Ce que nous avons observé ces derniers mois est non seulement une fracture du système du monde financier, mais le discrédit d’une discipline, la finance. Il y a environ 4000 professeurs de finance dans les universités du monde, des milliers de papiers sont publiés chaque année, et pourtant la communauté universitaire n’a donné presque aucun, pour ne pas dire aucun avertissement sur le potentiel incendiaire des marchés financiers globaux. Est-il trop dur d’en conclure que malgré les ressources considérables qui nourrissent cette discipline, notre compréhension réelle du comportement des marchés financiers n’est pas aujourd’hui plus grande qu’elle ne l’était en 1929/33… ou en 1720 ? [9].

Thomas Lux, économiste allemand à l’Université de Kiel, et ses sept collègues allemands, danois, français et américains, ne sont pas plus tendres envers les économistes. En effet, dans un article au titre on ne peut plus éloquent, The Financial Crisis and the Systematic Failure of Academic Economics [10] , ils livrent un verdict dévastateur pour l’économie dominante : si les économistes semblent avoir été inconscients de la longue gestation de la crise financière actuelle et, une fois celle-ci survenue, en avoir fortement sous-estimé la complexité, cela tient à une mauvaise orientation des efforts de recherche en économie dans le monde universitaire. De plus, outre ce premier échec au niveau de l’analyse économique, les économistes ont failli à leur obligation d’information auprès de la population quant aux limites et faiblesses, voire même aux dangers, que comportent leurs modèles. Les auteurs en arrivent à ce constat au terme d’une analyse fouillée des carences méthodologiques et conceptuelles des modèles de gestion du risque servant à évaluer les risques associés aux produits dérivés ainsi que des modèles macroéconomiques utilisés en économie financière.

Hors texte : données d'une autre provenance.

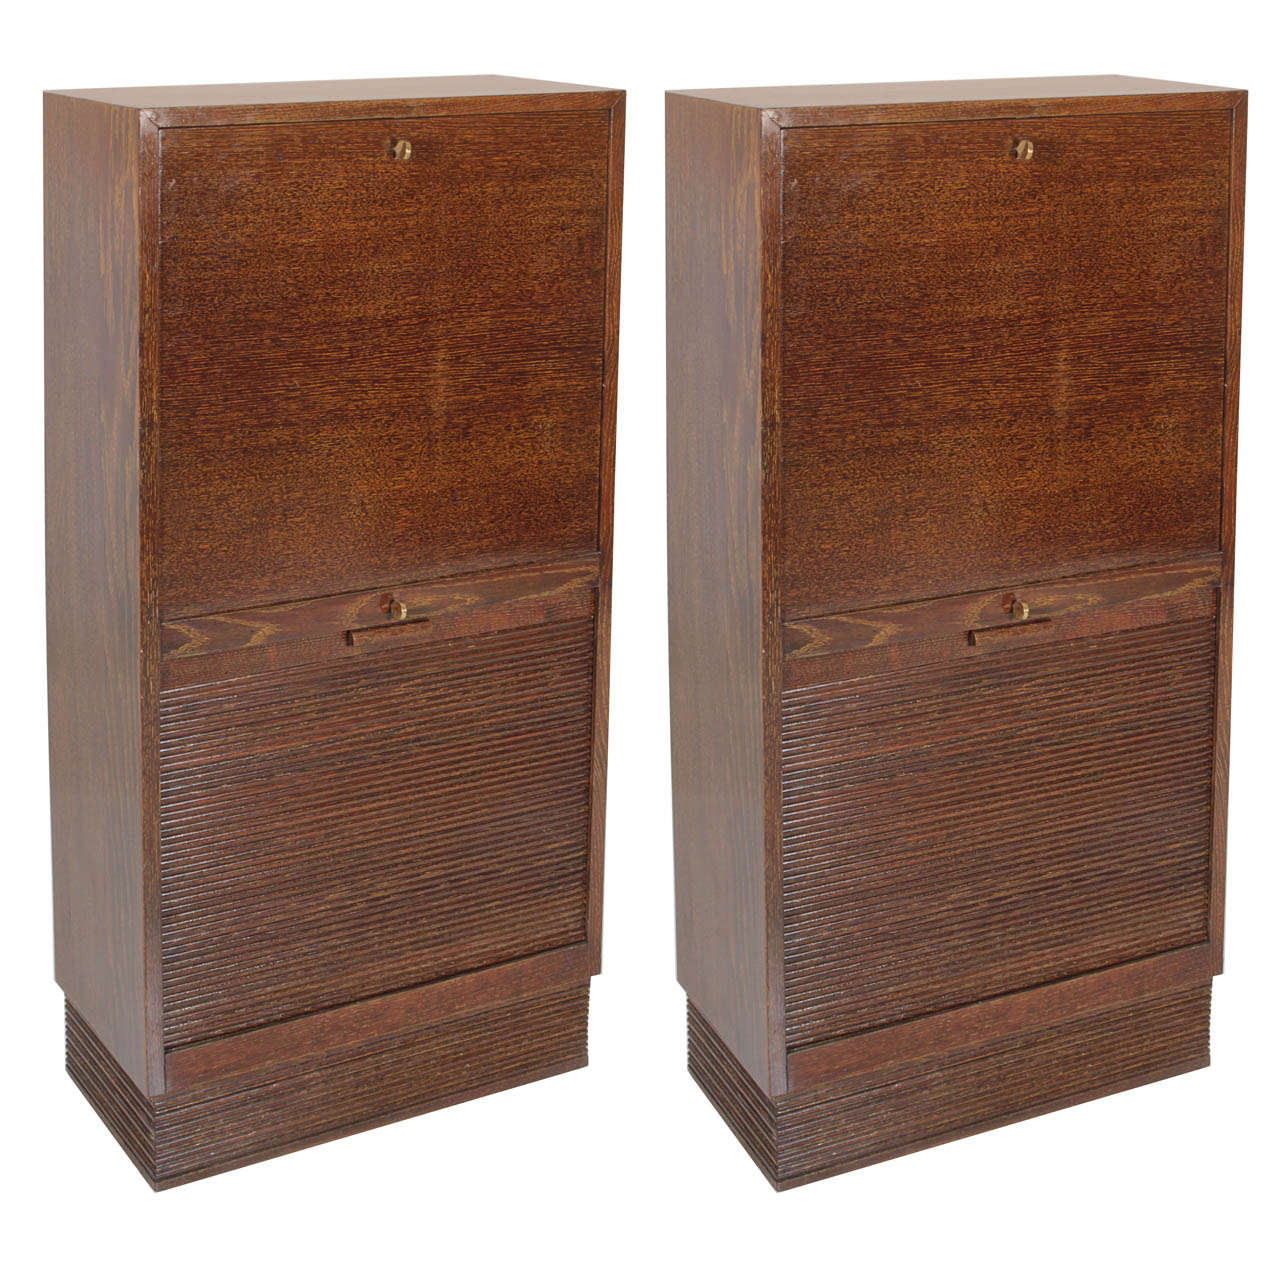 Pierre-Emile Legrain (attr.) Pair of French Art Deco drop and roll front cabinets c. 1927 For Sale

[1] L’article a été publié sur le site en mars dernier avec l’aimable autorisation de la revue Argument (Le capitalisme est-il une fatalité ? Vol. 11, no 2, printemps-été 2009, Les Presses de l’Université Laval, p. 73-83). Le numéro est maintenant en kiosque.
[2] Ibid. p. 81-82
[3] Christian Chavagneux, 2009, Les économistes mis en cause. Des voix s’élèvent pour dénoncer le fait qu’aucun spécialiste de la science économique n’a vu venir le séisme financier », Alternatives Economiques, no 279, avril, p. 61.
[4] Id.
[5] Robert Dutrisac, 2009, « Jérôme-Forget peint l’avenir en rouge », Le Devoir, vendredi, 20 mars, p. A10.
[6] Robert Dale, 2008, « Crise financière : la faillite des chercheurs », Télos, 1er décembre, p. 1 ; http://www.telos-eu.com/fr/article/… ; site consulté le 16 décembre 2008.
[7] Ibid., p. 2.
[8] Id.
[9] Ibid., p. 3.
[10] David Colander, Hans Föllmer, Armin Haas, Michael Goldberg, Katarina Juselius, Alan Kirman, Thomas Lux, et Brigitte Sloth, 2009, The Financial Crisis and the Systematic Failure of Academic Economics, The Dahlem Report ; www.debtdeflation.com/blogs/… ; site consulté le 28 février 2009.